The Australian Cattle Dog!

The Australian Cattle Dog came about as the answer to the need for a herding breed that could endure the heat and the harsh Australian terrain, along with long journeys over expansive grazing lands. Not only did this breed prove to be resilient, it is also capable of effectively driving cattle, without startling them by barking. Its development began when Hall crossbred blue-merle Highland collies with dingos, the outcome then known as Hall’s heelers, named for their herding style of nipping at the heels of cattle. Further crossbreeding with the Dalmatian, bull terrier, and even the kelpie also contributed to the sturdier and more functional composition of the Australian cattle dog. At certain periods, the breed was also known as the Queensland blue heeler, and then as the Australian heeler. The Australian cattle dog’s solid and compact build allows for the agility and quickness required to manage wild cattle.

Some Quick Facts:


Life Expectancy:
11-14 years

Energy Level:
Average.

Living Conditions:
Good outdoor dog. Land to roam.

Barking:
Average

Exercise Needs:
Needs activities to feed its working skills and sharpen its mental abilities.

Breed Group:
Herding

Size:
Medium-Small

Height:
17 to 20 inches

Weight:
30 to 35 pounds

Standard Hair Colors:
Puppies of this breed are born white.

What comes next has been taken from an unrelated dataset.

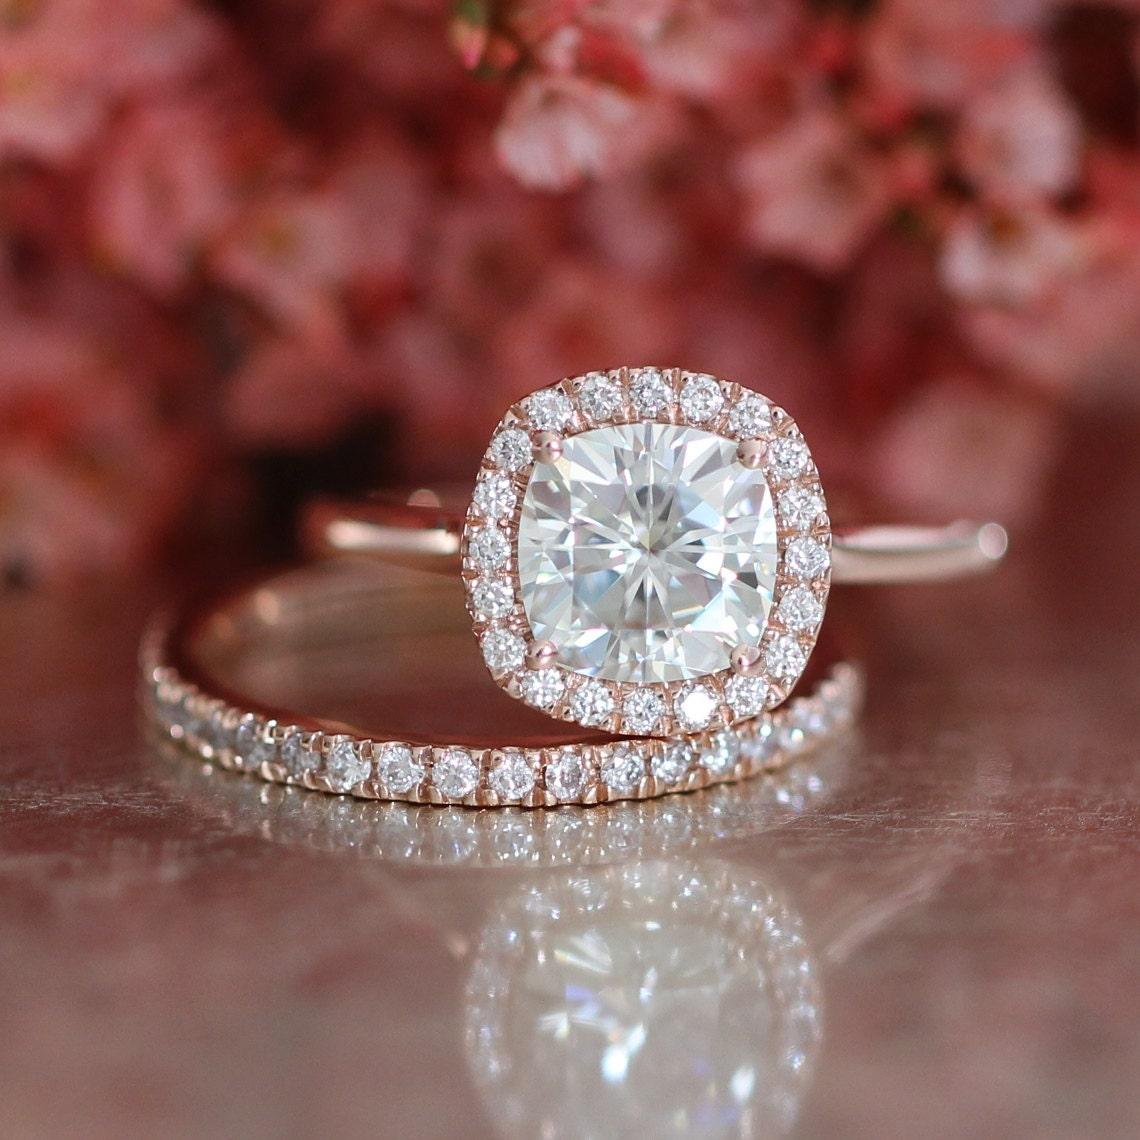 Cushion Moissanite Engagement Ring and Diamond Wedding Band
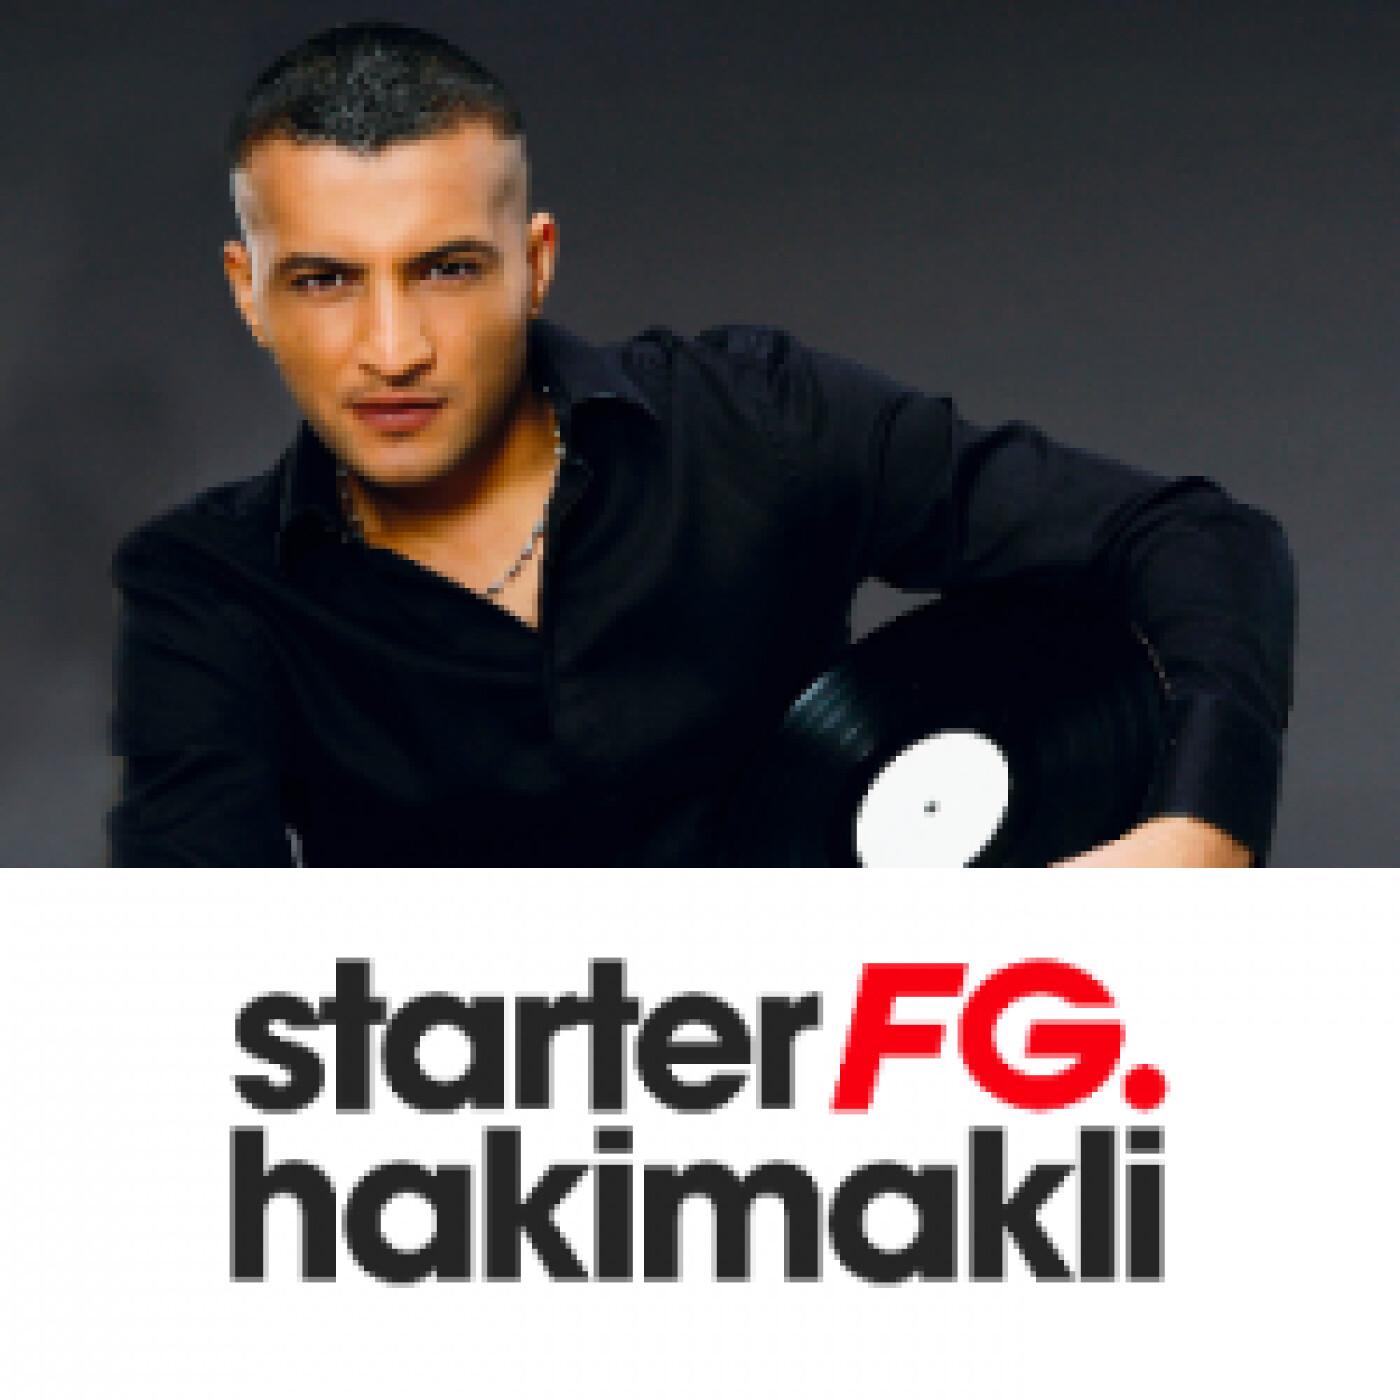 STARTER FG BY HAKIMAKLI JEUDI 18 MARS 2021

Adults are usually blue speckled or red speckled.

National breed club:
The Australian Cattle Dog Club of America

Australian Cattle Dog Skills

Developed since 1840 to withstand the harsh terrain and climate of Queensland, Australia, the Australian cattle dog was since valued for its endurance, adaptability to changing weather conditions, and ability to drive cattle in a peaceful manner. Today, the breed is recognized for its aptitude in herding trials, agility, and competitive obedience. It is also adept at retrieving, guarding, and performing stunts or tricks.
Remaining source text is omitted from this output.